For inquiries, please contact Aline Corso at aline.corso@gmail.com
This dossier proposes a critical and transdisciplinary investigation into emergent audiovisualities in contemporary Asian cultures, understood as dynamic forms of producing and circulating visuality through articulations among image, technology, and subjectivity. In an increasingly mediated landscape shaped by sophisticated technical devices and algorithmic regimes of visibility, we seek to examine transformations in modes of seeing - and being seen - through the aesthetic, sociotechnical, and cultural specificities of the Asian continent.
More than an analysis of images, this proposal is oriented toward a reflection on modes of production, mediation, and reception of the sensible, interrogating the visual technologies that traverse Asian cultural practices. Among the guiding questions of this dossier are:
How are regimes of visuality reconfigured by digital platforms, algorithmic surveillance, and technological aesthetics in Asian contexts?
What do images produced between spirituality, tradition, and technoculture demand from us when they call forth other forms of sensibility?
What visualities emerge from Asian pop cultures - such as K-pop, BLs, dramas, anime, webtoons, and local cinemas - and what modes of existence do they produce?
How are bodies and identities performed, filtered, and rescaled in Asian visual media, and what desires or dissidences traverse these representations?

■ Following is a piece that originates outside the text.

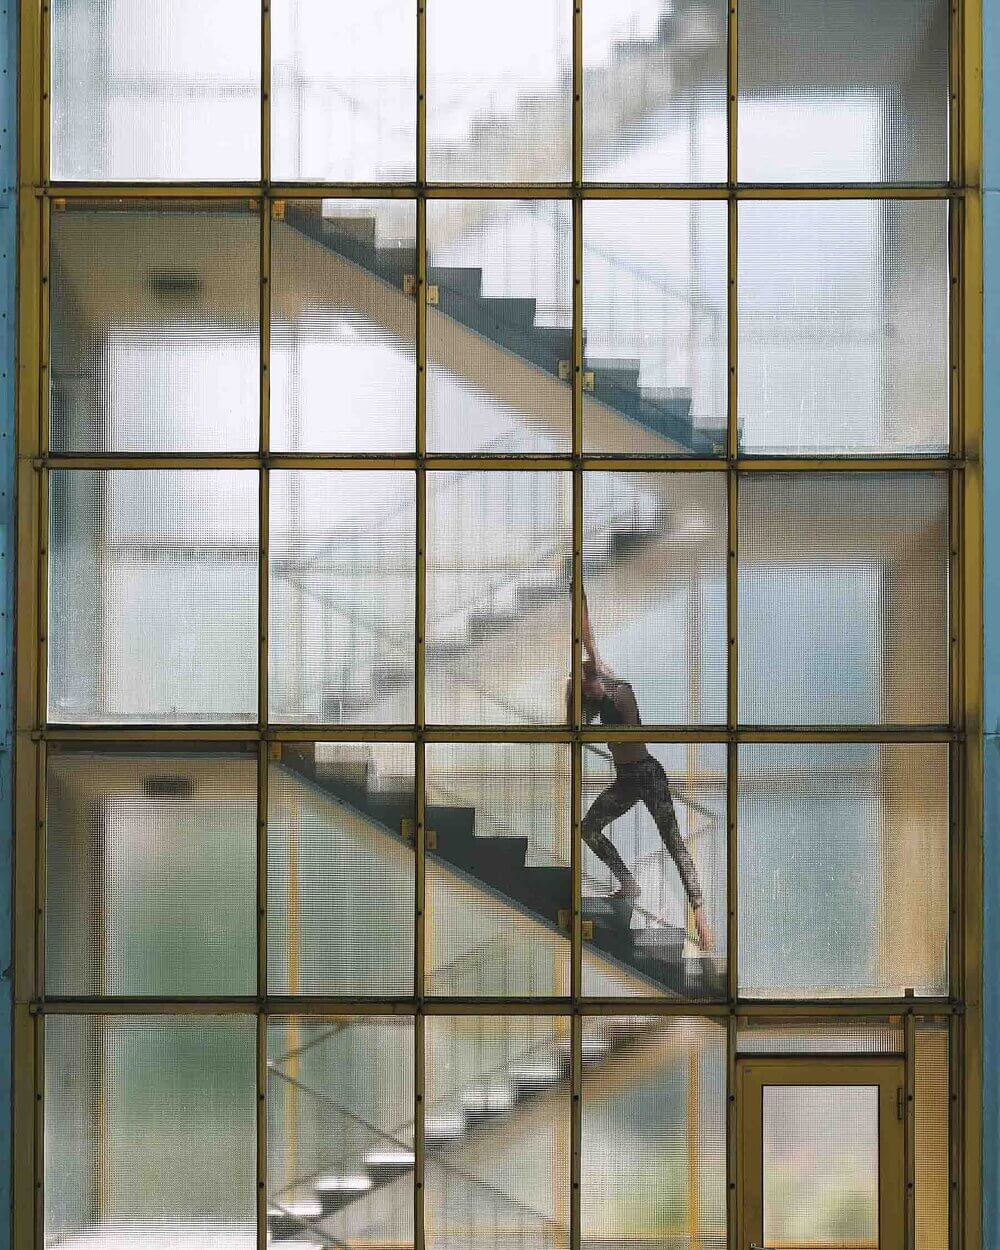 Glass building, minimalist architecture, dance model

What is lost - and what resists - in digital archives, in the noise and silences that mark the continent’s visual narratives?
How do spiritual knowledge, cosmologies, and philosophies influence the creation of images and articulate with contemporary technologies?

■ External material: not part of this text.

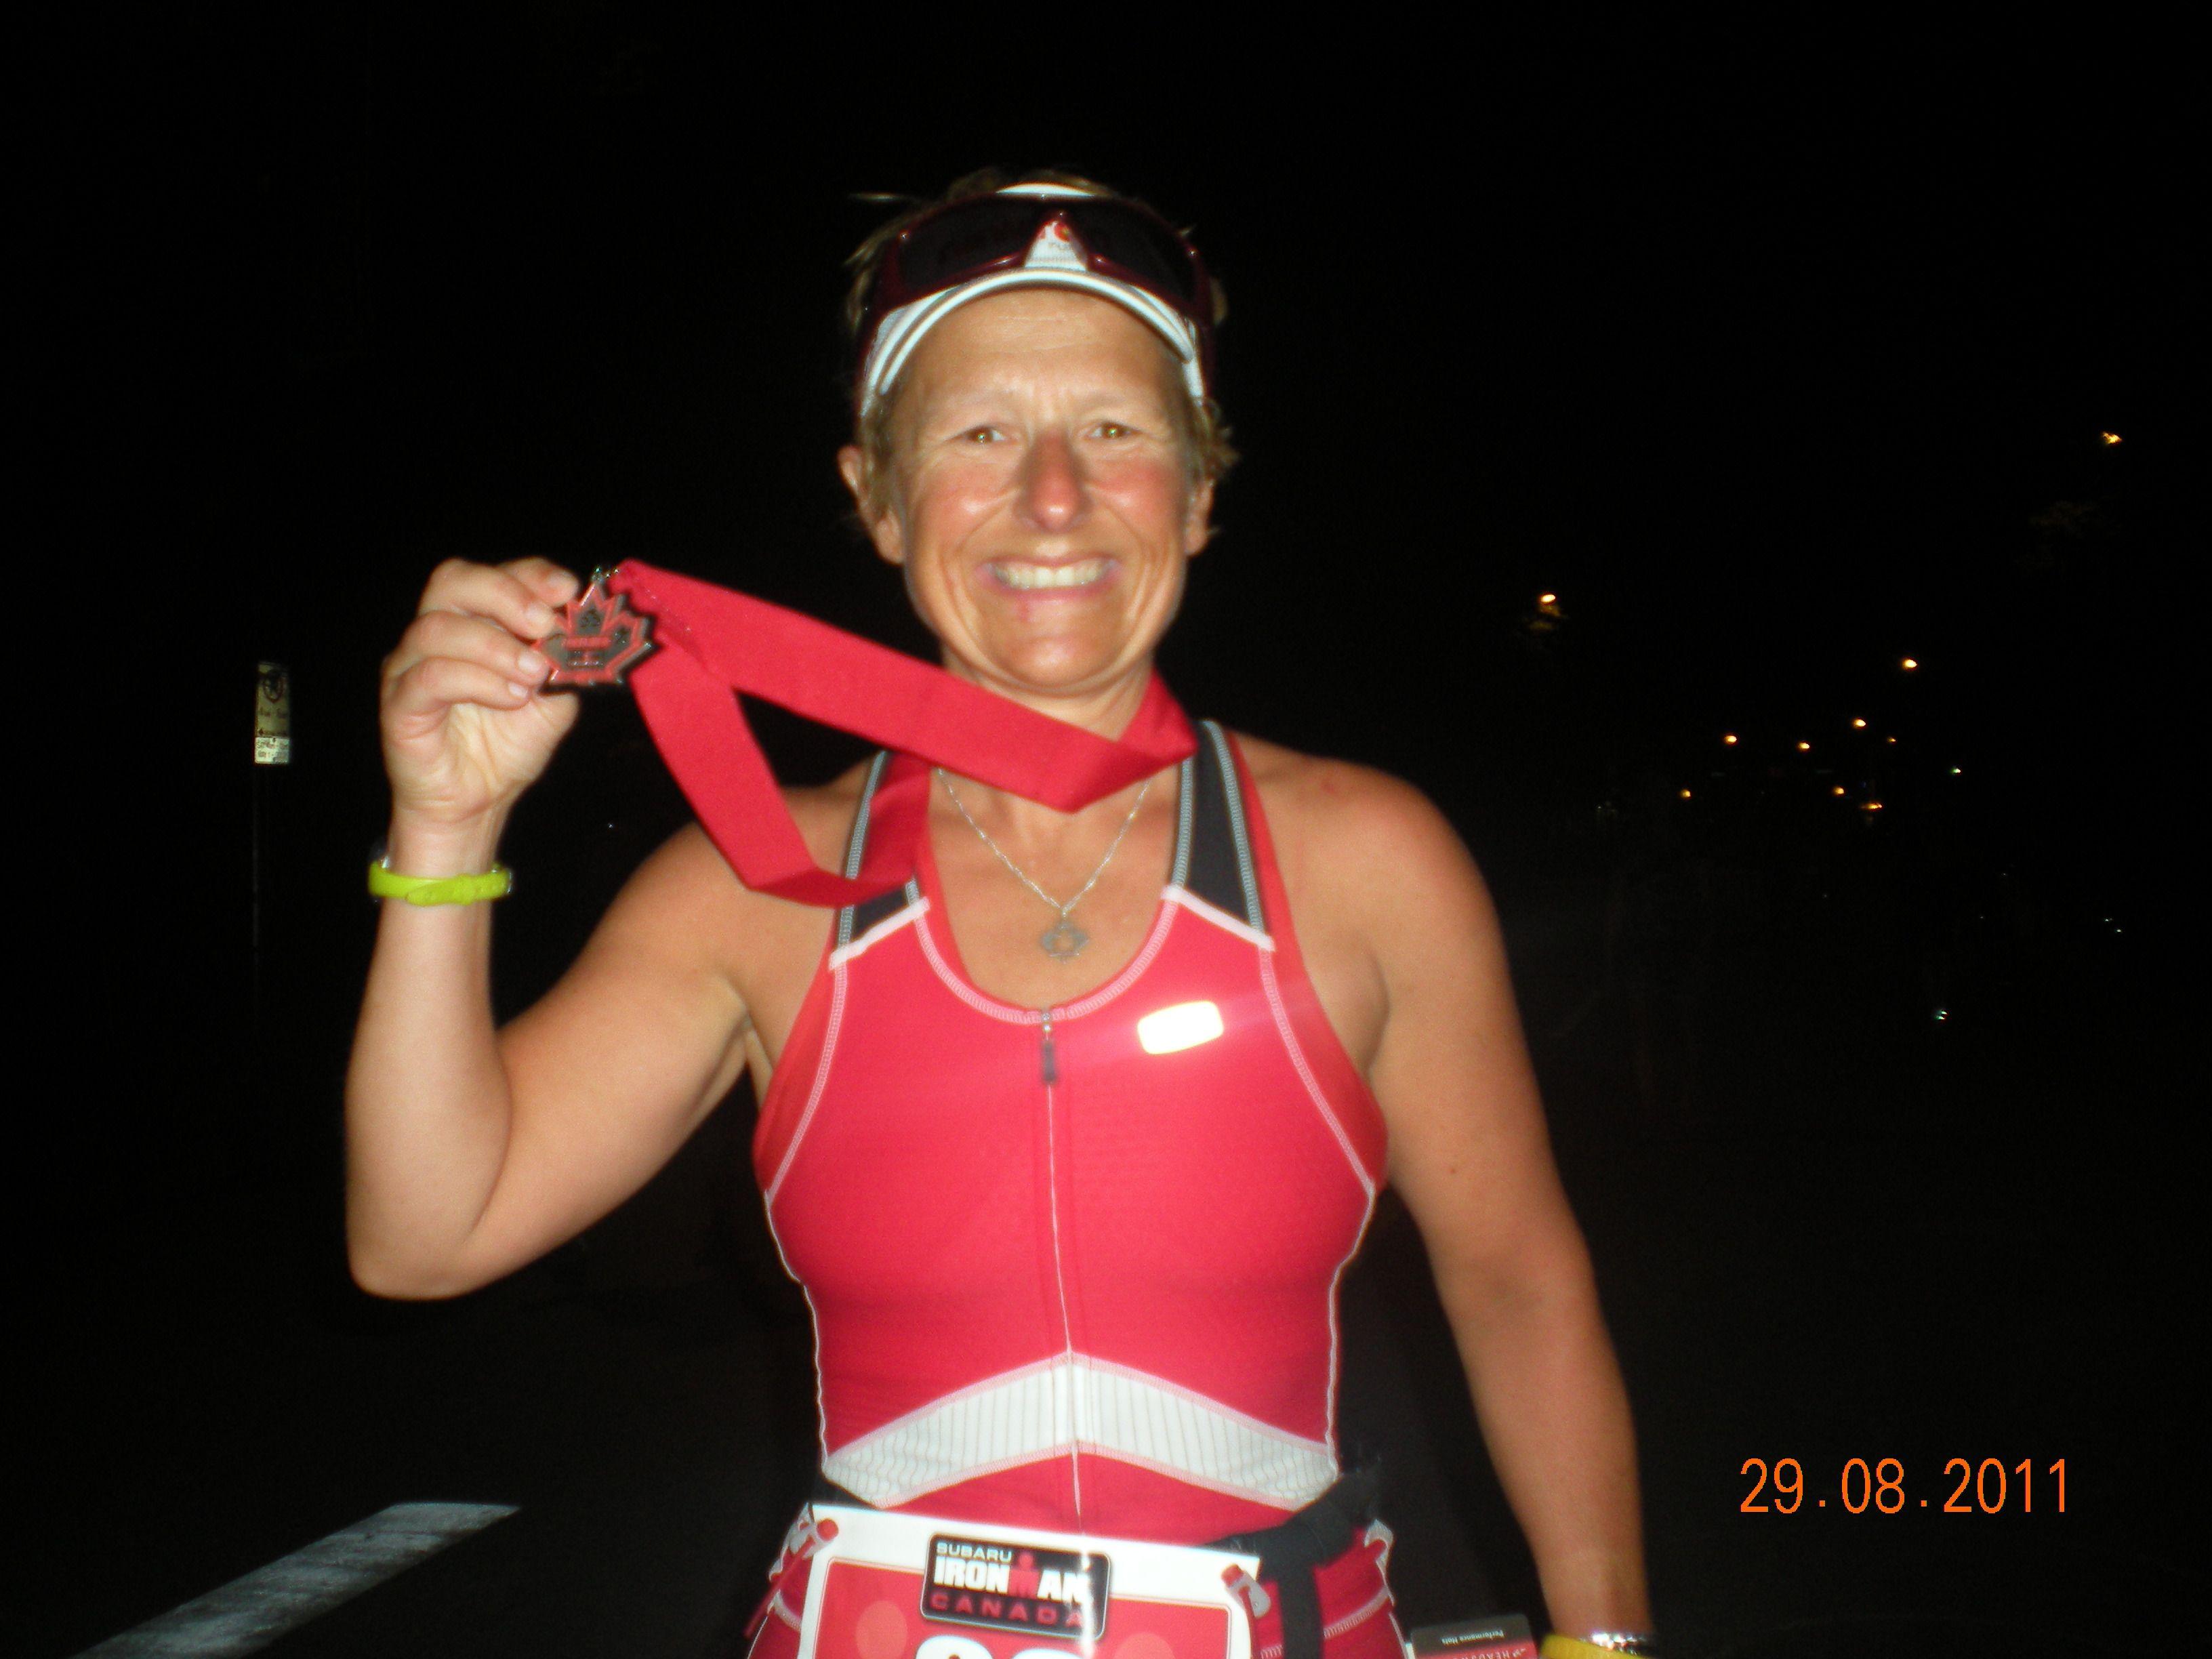 2011 Finisher Sports bra, Swimwear, Fashion

In what ways does the global circulation of Asian audiovisualities reconfigure imaginaries of time, body, modernity, and the future?
What counter-images emerge from Asia in response to Western visual hegemonies?
We adopt the expression “Asian audiovisualities” because we understand that the technocultural dynamics emerging in regions such as East Asia are not limited to fixed geographic borders. These practices reverberate through and intertwine with productions from other parts of the continent - such as Southeast Asia, South Asia, and West Asia - through shared cultural circuits, digital platforms, and transversal aesthetics.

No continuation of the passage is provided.